Production for the second quarter averaged 76 net Mmcf per day for the division. Production at the end of the quarter with the completion of the exchange was approximately 111 Mmcf net per day. For the remainder of 2014, the Company expects to perform 20 coalbed methane (CBM) recompletions while also drilling vertical tight gas, CBM and horizontal shale wells. The division's capital budget for 2014 has been increased to $40 million by transferring the remaining planned capital from the Permian properties.

Financial Discussion

(Except for generally accepted accounting principles ("GAAP") reported amounts, specific expense categories exclude non-cash impairments, unrealized mark-to-market on derivatives, non-cash stock compensation and other items shown separately on the attached tables. "Unit costs" as used in this release are composed of direct operating, transportation, gathering and compression, production and ad valorem tax, general and administrative, interest and depletion, depreciation and amortization costs divided by production. See "Non-GAAP Financial Measures" for a definition of each of the non-GAAP financial measures and the tables that reconcile each of the non-GAAP measures to their most directly comparable GAAP financial measure.)

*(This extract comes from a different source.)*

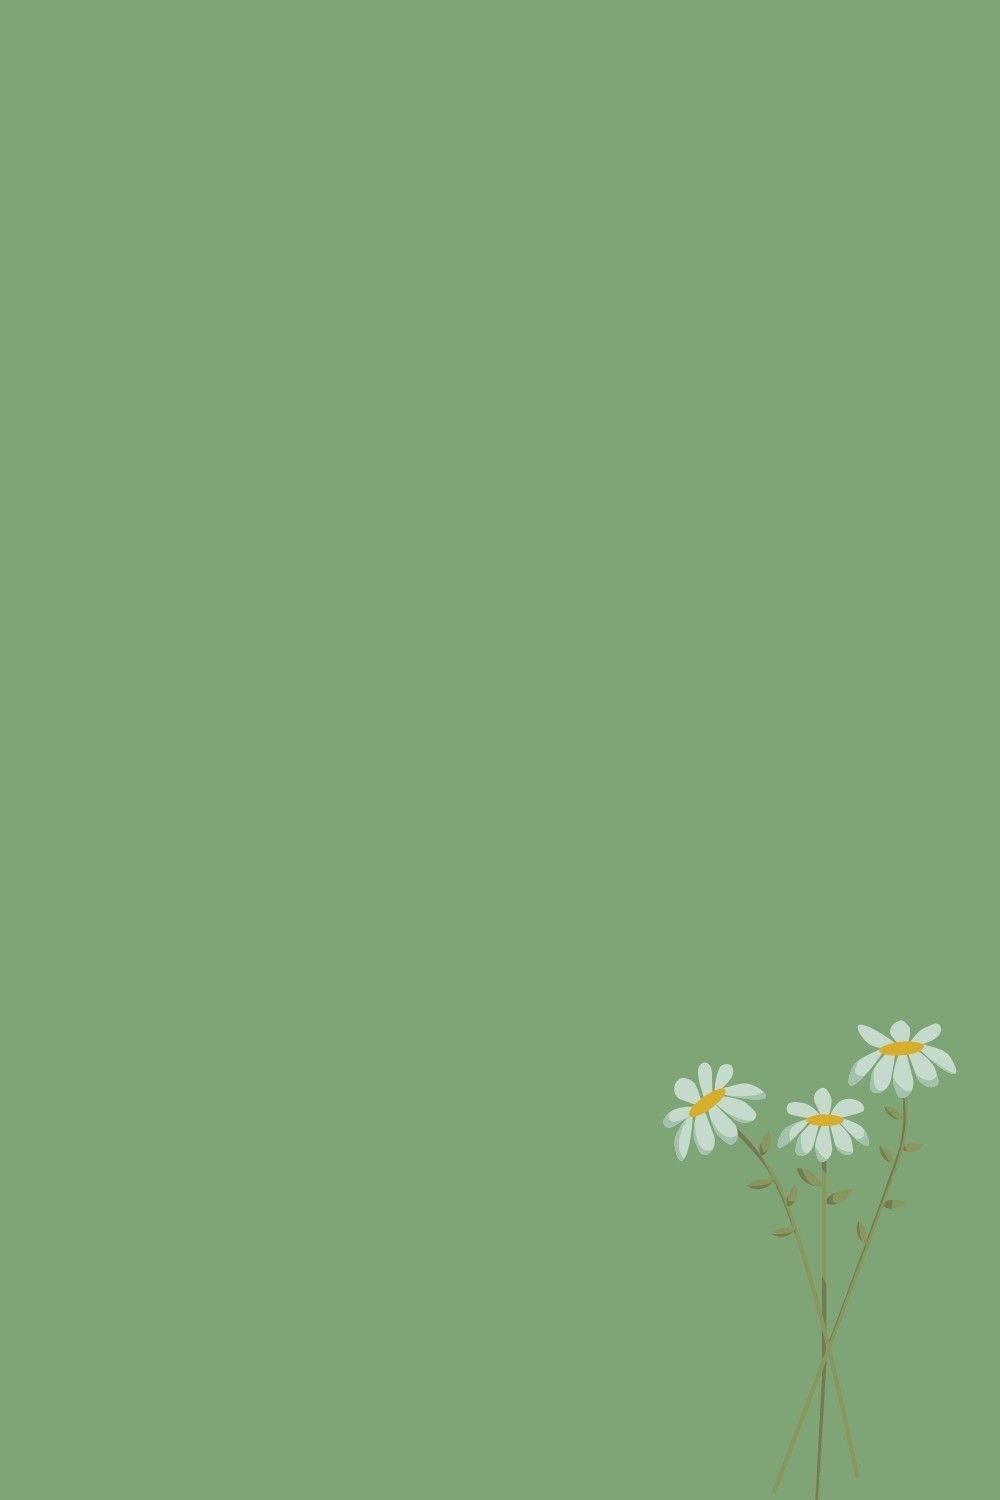 Sage Green Wallpaper for mobile phone, tablet, desktop computer and other devices HD and 4K wa. iPhone wallpaper green, Sage green wallpaper, Mint green wallpaper

GAAP revenues for the second quarter of 2014 totaled $766 million (14% increase as compared to second quarter 2013), GAAP net cash provided from operating activities including changes in working capital reached $260 million (231% increase as compared to second quarter 2013) and GAAP earnings were $171 million ($1.04 per diluted share) versus net income of $144 million ($0.88 per diluted share) in the second quarter 2013.

Several non-cash or non-recurring items impacted second quarter results. A $280 million pre-tax gain was recorded on the Permian asset exchange. A $25 million loss on the early extinguishment of debt was recorded after calling our highest coupon bonds (8%). A $25 million impairment of proved properties was provided on some legacy properties. A $11 million mark-to-market expense due to the increase in value of the Company's common stock held in the Company deferred compensation plan (which was fully funded on the date of grant), and $25 million of non-cash stock compensation expenses were recorded.

Non-GAAP revenues for second quarter 2014 totaled $482 million (13% increase as compared to second quarter 2013), cash flow from operations before changes in working capital, a non-GAAP measure ("adjusted cash flow"), reached $249 million (a 10% increase as compared to second quarter 2013). Adjusted net income, a non-GAAP measure, for second quarter 2014 was $59 million (an 8% increase as compared to second quarter 2013).

Total unit costs improved by $0.41 per mcfe or 11% compared to the prior-year quarter as every unit cost measure decreased, led by general and administrative costs, interest expense and lease operating expense all falling by 15% or more.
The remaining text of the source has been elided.